** What to produce **
Lines from the beginning of the data below through the one containing "Islamabad. Apr 15, 2013." are to be printed exactly as they appear.

** Records shown **
------------------------------------------------------------
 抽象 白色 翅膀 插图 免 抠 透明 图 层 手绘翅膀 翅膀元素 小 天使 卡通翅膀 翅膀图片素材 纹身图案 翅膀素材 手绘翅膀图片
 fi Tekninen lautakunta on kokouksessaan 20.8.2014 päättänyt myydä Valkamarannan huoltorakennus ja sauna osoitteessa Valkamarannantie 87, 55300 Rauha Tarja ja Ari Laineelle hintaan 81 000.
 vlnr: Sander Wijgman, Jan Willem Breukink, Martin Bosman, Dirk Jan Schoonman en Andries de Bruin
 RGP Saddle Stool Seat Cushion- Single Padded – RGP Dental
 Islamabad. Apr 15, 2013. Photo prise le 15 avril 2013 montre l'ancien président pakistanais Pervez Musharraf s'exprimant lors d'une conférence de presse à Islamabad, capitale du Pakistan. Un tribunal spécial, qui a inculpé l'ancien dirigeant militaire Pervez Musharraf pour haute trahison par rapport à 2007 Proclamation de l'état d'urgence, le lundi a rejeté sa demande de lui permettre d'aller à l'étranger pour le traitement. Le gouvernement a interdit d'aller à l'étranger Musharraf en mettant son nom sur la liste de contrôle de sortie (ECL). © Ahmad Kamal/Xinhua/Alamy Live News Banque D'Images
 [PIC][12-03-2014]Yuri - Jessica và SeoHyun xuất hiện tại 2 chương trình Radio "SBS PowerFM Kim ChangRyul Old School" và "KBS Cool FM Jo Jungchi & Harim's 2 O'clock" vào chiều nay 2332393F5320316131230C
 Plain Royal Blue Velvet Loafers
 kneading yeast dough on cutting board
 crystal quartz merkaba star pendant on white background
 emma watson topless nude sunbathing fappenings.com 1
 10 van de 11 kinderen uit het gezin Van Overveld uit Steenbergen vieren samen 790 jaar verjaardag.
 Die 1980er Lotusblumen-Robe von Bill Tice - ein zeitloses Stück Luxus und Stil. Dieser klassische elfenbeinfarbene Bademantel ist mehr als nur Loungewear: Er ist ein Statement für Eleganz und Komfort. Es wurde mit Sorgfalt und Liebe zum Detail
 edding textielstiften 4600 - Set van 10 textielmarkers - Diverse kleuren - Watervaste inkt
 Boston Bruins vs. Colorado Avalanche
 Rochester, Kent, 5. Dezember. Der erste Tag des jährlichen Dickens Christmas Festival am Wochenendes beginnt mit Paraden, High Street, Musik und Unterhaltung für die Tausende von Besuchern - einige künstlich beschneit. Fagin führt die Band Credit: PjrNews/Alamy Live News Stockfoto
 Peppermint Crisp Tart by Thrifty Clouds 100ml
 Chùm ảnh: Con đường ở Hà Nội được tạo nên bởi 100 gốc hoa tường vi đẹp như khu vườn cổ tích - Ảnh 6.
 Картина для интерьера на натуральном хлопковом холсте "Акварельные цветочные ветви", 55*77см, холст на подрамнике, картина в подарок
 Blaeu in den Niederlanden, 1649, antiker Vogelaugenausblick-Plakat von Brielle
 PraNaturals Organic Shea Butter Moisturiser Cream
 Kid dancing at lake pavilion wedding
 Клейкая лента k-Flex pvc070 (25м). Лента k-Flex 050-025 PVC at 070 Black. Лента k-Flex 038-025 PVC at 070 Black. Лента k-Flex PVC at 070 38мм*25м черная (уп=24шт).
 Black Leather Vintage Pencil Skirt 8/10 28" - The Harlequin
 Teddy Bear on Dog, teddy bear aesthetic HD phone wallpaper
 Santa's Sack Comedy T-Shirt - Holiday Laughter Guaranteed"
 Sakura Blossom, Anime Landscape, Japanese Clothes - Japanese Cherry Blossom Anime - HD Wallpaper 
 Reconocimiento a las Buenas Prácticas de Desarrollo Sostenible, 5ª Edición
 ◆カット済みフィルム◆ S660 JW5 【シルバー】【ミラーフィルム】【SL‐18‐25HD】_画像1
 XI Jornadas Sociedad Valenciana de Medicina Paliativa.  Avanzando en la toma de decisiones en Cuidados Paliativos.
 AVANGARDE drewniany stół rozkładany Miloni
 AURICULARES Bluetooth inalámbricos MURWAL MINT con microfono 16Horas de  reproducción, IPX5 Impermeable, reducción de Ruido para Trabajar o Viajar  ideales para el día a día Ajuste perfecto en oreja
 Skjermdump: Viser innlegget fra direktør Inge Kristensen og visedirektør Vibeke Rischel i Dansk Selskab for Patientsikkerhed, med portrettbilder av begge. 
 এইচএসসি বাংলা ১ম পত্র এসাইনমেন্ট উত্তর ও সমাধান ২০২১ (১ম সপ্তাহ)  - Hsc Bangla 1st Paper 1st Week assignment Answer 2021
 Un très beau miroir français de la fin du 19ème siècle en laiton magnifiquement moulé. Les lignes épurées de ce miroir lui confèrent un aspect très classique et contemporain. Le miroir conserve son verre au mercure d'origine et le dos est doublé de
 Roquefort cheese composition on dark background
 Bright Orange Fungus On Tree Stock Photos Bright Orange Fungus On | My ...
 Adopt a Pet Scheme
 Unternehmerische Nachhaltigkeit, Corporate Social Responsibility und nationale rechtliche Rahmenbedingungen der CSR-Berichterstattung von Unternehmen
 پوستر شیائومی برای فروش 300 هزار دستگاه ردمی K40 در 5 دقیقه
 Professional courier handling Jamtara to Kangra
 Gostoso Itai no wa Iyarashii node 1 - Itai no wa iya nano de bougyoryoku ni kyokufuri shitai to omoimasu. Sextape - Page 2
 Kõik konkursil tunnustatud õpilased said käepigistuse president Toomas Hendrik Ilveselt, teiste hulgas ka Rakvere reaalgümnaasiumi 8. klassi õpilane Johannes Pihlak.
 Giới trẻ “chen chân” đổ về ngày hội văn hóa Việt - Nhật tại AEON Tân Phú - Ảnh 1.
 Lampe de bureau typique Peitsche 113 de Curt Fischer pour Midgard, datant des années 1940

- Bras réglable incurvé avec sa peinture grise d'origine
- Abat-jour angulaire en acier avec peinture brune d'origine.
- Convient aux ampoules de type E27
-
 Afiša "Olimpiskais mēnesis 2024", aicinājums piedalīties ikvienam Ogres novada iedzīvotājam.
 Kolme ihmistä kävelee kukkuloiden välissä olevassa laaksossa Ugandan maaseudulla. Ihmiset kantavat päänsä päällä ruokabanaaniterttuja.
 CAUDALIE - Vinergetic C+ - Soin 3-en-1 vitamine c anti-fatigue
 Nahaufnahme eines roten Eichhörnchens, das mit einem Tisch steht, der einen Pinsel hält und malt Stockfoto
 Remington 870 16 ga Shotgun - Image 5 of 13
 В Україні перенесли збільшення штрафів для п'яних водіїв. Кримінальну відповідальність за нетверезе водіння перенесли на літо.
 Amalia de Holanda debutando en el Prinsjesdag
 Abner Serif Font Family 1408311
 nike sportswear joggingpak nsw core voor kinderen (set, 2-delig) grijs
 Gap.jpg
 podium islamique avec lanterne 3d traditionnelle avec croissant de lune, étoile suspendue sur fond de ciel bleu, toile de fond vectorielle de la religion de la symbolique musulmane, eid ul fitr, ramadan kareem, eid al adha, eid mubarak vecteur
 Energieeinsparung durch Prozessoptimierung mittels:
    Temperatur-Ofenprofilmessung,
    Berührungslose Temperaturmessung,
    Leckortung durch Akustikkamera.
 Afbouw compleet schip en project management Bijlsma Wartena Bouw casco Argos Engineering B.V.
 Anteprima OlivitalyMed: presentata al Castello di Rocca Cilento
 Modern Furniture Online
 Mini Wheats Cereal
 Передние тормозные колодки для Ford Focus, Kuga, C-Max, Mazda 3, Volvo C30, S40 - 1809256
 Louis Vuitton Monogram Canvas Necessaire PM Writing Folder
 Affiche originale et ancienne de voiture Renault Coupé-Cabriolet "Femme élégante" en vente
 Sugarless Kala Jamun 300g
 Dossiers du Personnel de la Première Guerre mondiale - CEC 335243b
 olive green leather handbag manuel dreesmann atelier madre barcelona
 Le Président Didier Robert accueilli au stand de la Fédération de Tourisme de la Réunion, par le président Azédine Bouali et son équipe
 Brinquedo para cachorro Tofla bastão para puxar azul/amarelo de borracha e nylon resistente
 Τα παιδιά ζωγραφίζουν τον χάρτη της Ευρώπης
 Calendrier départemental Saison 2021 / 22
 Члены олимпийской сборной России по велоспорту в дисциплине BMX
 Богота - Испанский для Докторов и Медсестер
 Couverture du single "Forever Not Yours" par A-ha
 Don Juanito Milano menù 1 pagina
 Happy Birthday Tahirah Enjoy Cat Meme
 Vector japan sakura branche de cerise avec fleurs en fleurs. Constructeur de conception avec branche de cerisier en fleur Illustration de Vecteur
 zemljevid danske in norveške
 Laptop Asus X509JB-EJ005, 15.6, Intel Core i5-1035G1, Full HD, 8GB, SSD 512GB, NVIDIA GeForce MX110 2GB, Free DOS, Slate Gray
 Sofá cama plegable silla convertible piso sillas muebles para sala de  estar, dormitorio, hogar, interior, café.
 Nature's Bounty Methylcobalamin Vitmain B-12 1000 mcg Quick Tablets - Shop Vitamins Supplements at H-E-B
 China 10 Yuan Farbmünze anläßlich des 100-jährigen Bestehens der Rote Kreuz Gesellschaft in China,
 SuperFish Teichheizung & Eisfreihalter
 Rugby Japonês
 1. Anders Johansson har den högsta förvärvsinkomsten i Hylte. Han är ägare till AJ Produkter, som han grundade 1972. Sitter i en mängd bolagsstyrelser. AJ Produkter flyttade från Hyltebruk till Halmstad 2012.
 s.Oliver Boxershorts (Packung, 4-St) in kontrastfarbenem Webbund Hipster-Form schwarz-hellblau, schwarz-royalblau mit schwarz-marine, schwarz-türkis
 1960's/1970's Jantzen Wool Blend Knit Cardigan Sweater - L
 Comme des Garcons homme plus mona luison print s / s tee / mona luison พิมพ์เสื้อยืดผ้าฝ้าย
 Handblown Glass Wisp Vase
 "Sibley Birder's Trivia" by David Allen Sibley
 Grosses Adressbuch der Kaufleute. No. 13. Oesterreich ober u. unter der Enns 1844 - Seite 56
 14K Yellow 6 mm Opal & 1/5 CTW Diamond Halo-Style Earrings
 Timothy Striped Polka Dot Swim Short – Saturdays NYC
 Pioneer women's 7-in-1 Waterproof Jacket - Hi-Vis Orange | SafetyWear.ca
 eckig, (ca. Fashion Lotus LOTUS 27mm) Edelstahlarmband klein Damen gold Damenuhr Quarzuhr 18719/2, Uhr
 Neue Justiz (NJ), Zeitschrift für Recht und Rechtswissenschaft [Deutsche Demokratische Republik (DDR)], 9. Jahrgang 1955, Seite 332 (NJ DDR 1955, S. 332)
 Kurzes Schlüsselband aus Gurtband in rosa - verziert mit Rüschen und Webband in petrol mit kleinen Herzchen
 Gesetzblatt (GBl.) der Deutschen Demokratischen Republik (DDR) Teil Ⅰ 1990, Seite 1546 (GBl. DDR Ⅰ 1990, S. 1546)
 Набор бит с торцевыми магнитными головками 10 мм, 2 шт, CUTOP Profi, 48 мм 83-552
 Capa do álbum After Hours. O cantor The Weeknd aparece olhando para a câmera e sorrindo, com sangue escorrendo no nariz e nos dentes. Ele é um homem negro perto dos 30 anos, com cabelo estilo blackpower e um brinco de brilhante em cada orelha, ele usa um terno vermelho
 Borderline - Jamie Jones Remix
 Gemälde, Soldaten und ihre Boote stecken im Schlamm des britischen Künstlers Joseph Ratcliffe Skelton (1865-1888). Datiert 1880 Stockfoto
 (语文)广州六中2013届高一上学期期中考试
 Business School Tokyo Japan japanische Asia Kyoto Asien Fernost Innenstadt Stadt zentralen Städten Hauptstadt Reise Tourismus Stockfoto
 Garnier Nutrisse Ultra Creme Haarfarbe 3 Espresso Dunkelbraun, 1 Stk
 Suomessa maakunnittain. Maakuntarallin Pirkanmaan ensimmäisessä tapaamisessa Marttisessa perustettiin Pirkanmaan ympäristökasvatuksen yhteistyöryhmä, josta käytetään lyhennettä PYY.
------------------------------------------------------------
** Written response **
 抽象 白色 翅膀 插图 免 抠 透明 图 层 手绘翅膀 翅膀元素 小 天使 卡通翅膀 翅膀图片素材 纹身图案 翅膀素材 手绘翅膀图片
 fi Tekninen lautakunta on kokouksessaan 20.8.2014 päättänyt myydä Valkamarannan huoltorakennus ja sauna osoitteessa Valkamarannantie 87, 55300 Rauha Tarja ja Ari Laineelle hintaan 81 000.
 vlnr: Sander Wijgman, Jan Willem Breukink, Martin Bosman, Dirk Jan Schoonman en Andries de Bruin
 RGP Saddle Stool Seat Cushion- Single Padded – RGP Dental
 Islamabad. Apr 15, 2013. Photo prise le 15 avril 2013 montre l'ancien président pakistanais Pervez Musharraf s'exprimant lors d'une conférence de presse à Islamabad, capitale du Pakistan. Un tribunal spécial, qui a inculpé l'ancien dirigeant militaire Pervez Musharraf pour haute trahison par rapport à 2007 Proclamation de l'état d'urgence, le lundi a rejeté sa demande de lui permettre d'aller à l'étranger pour le traitement. Le gouvernement a interdit d'aller à l'étranger Musharraf en mettant son nom sur la liste de contrôle de sortie (ECL). © Ahmad Kamal/Xinhua/Alamy Live News Banque D'Images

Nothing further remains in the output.